The efficacy index was GMT values of neutralizing antibody measured by live virus neutralization test at 29, 35, and 36 days after last vaccination. The greater the GMT, the stronger the immunogenicity. The results of the meta-analysis of effectiveness indicator were as follows, and the random-effects model was used for analysis: When compared with the young group, the virus GMT values of the older group were lower (SMD = 1.40, 95% CI (0.79, 2.02), P<0.01), suggesting that young group had better immunogenicity and had more advantages in efficacy index (15, 17, 18) (Figure 2). However, due to the high heterogeneity (93%), sensitivity analysis found that the first study (15) had the lowest overlapping rate of confidence intervals, and the heterogeneity (0.0%) returned to normal after excluding the first study (15) (SMD = 1.71, 95% CI (1,52, 1.90), P<0.01) (Figure 3).

FIGURE 2

Figure 2 Meta-analysis of GMT between the experimental group (young adults) vs control group (older adults).

FIGURE 3

Figure 3 Meta-analysis of GMT between the experimental group (young adults) vs control group (older adults).

Safety Analysis

The safety indexes were local AEs and systemic AEs. Common local AEs included injection site pain, itching, redness, swelling, and rash. Common systemic AEs included fever, fatigue, nausea, headache, cough, diarrhea, and muscle pain (20, 21). The results of the meta-analysis of safety indicators were as follows, and the fixed effects model was used for analysis: We found that there was a higher incidence of local and systemic AEs in young people than in the elderly (OR = 1.10, 95% CI (1.08, 1.12), P<0.01; OR = 1.18, 95% CI (1.14, 1.22), P<0.01), the heterogeneity were within the required range, suggesting that COVID-19 vaccines had more advantages in safety index for the elderly (15–19) (Figures 4, 5).

FIGURE 4

Figure 4 Meta-analysis of local AEs between the experimental group (young adults) vs control group (older adults).

FIGURE 5

Figure 5 Meta-analysis of systemic AEs between the experimental group (young adults) vs control group (older adults).

Heterogeneity and Risk of Bias

The fixed-effect model was used to analyze the efficacy and safety indicators, and the heterogeneity generally met the requirements after sensitivity analysis. Local AEs and systemic AEs were used as indicators (15–19) for publication bias analysis. Egger’s test was used for the calculation of publication bias analysis. The result of Egger’s test (P = 0.41 > 0.05) indicated that there was less possibility of publication bias. The RevMan 5.0 software was used to assess the methodological quality of individual studies based on the following aspects: random sequence generation, allocation concealment, blinding of participants and personnel, blinding of outcome and assessment, incomplete outcome data, selective reporting, and other bias. Each item was answered with a high, low, or unclear risk of bias, and disagreements were resolved through an open discussion or a third reviewer (Figure 6).

FIGURE 6

Figure 6 Summary chart of bias risk.

Discussion

COVID-19 is still prominent around the world. According to the current international epidemic situation, the epidemic will continue for a long time into the future (22). Even in countries where the epidemic is under control, the outbreak of COVID-19 is also likely to be more prevalent due to the introduction of new infectious sources at any time (8). Therefore, we must vaccinate more so that more people can gain immunity because vaccination is the most effective way to prevent and control COVID-19 at present (23). If there are spare vaccines left over in refrigerators and vials, all efforts should be made to inoculate them into the human body, so they can do their work (24). In this meta-analysis, five related literatures were included, which were SCB-2019, BBIBP-CorV, BNT162b1, BNT162b2, and Ad26.COV2.S. RCTs of the above five vaccines had a very comprehensive dose study (15–19), including single-dose and double-dose studies, low-dose and high-dose studies. Exploring the differences of effectiveness and safety of the above five vaccines in different age groups (young and old) can help people correctly understand the advantages and disadvantages of vaccines for different age groups, and carry out vaccination with an objective and scientific attitude, which has good practical significance.

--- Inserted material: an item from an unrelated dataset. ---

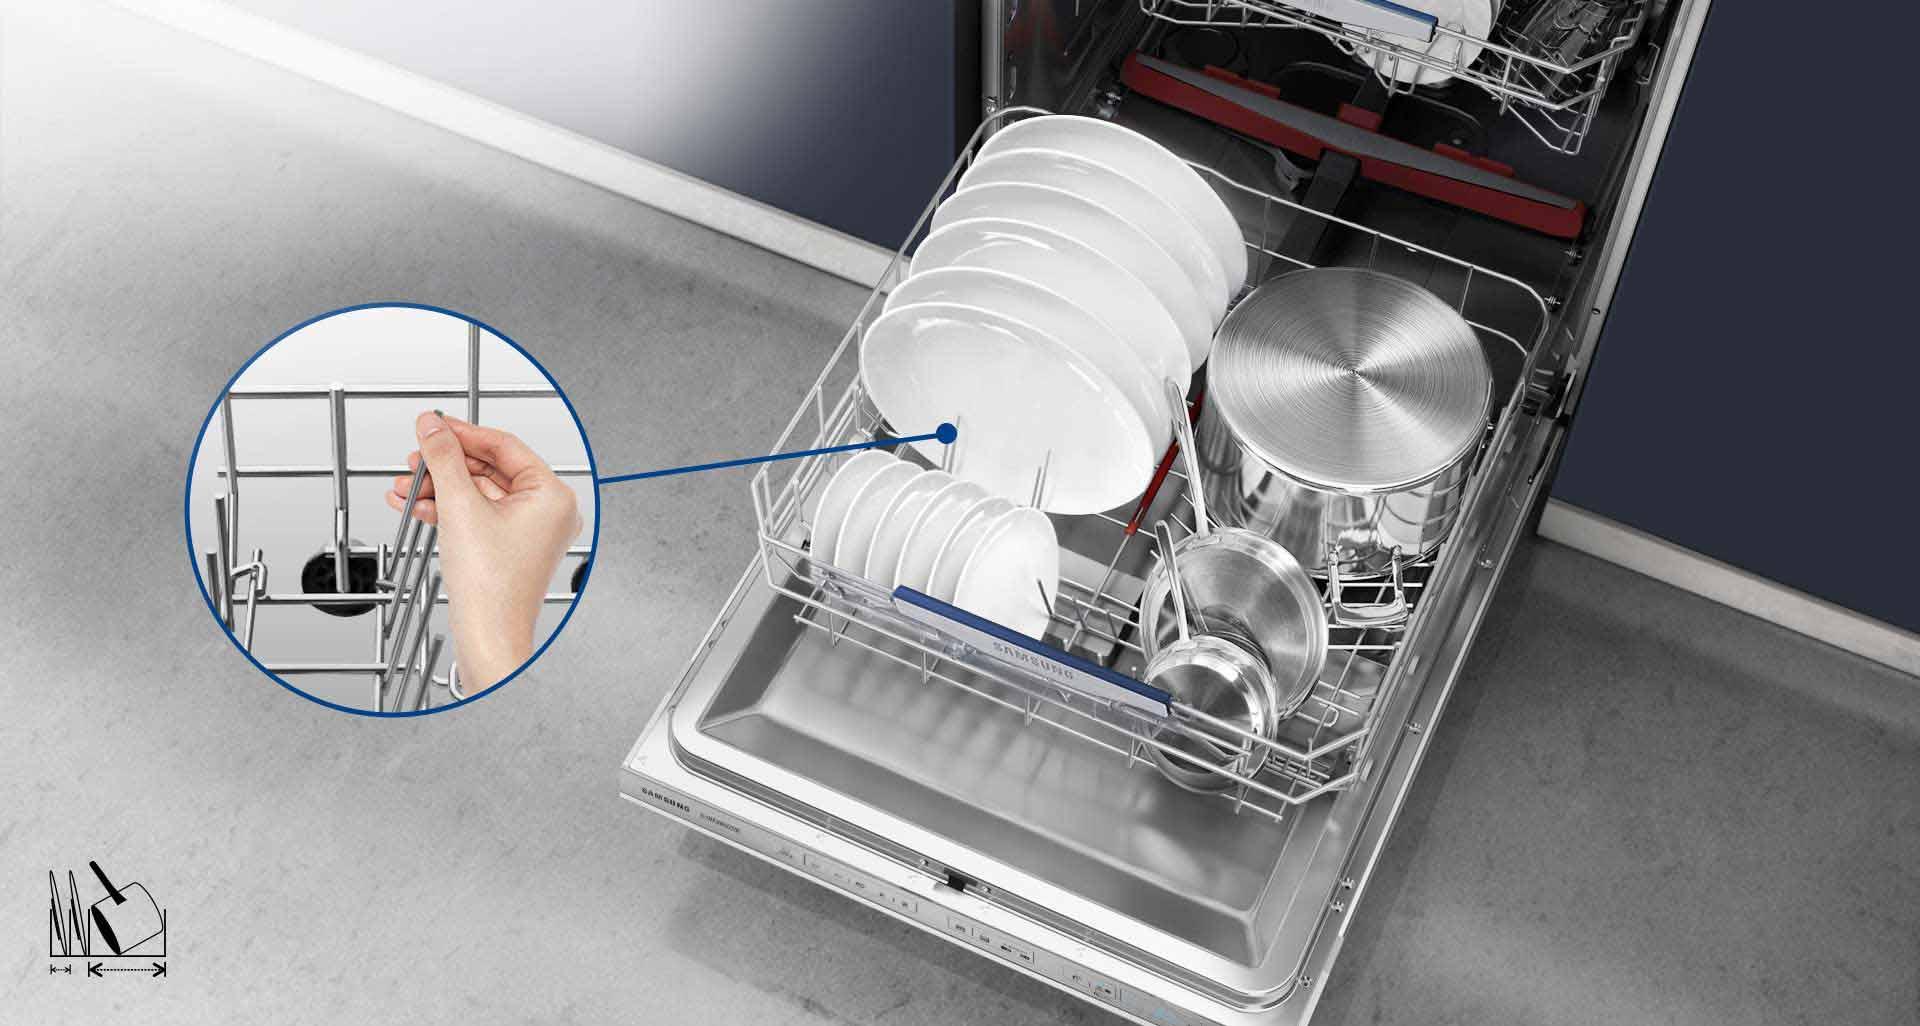 D162 دارای قابلیت شستشوی ظروف در اندازه های مختلف
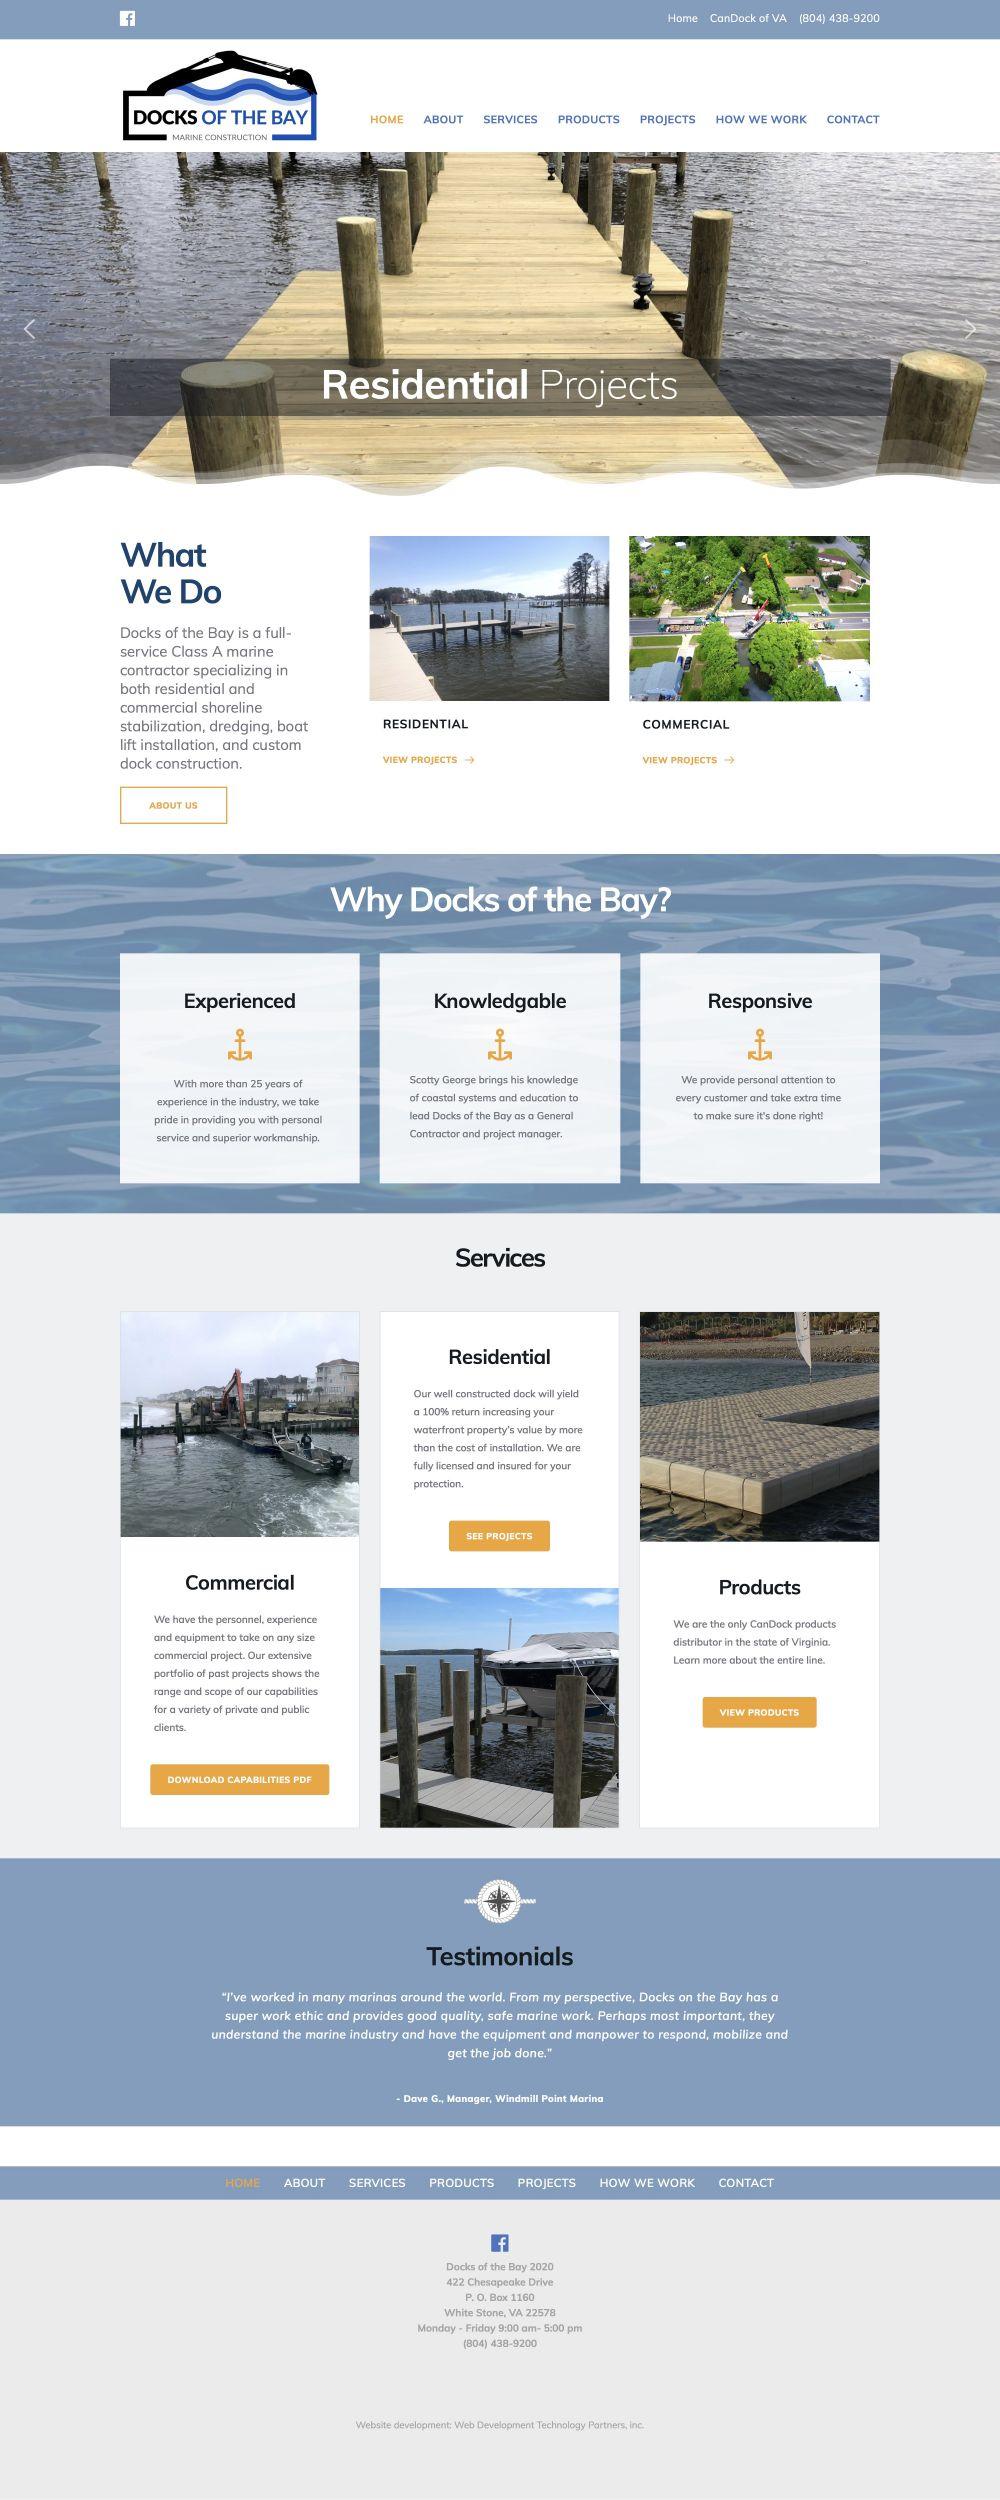 Docks of the Bay 2020

The results of the meta-analysis of the effectiveness indicator showed that when compared with the older group, the virus GMT values of the young group were higher, suggesting that the young group had better immunogenicity, most of the AEs are fever, rash, fatigue, and local pain, which are tolerable for young people (15, 17, 18); the results of the meta-analysis of safety indicators showed that there was a lower incidence of local and systemic AEs in older people than in the young, suggesting that COVID-19 vaccines are not only effective but also had more advantages in safety index for the elderly (15–19), which means the elderly can dispel their concerns about the safety of vaccines. Meanwhile, the reason for the lower GMT values in the elderly is Immunosenescence, which is a new concept that reflects the age-associated restructuring changes of innate and adaptive immune functions (25). The changes of immune organs in the elderly are most obvious in the thymus, the activity of thymocytes and thymic epithelial cells in the elderly are reduced, the immune response substances are reduced, and therefore the immune function is decreased (26, 27). In conclusion, both the elderly and young people are encouraged to take the COVID-19 vaccines as soon as possible.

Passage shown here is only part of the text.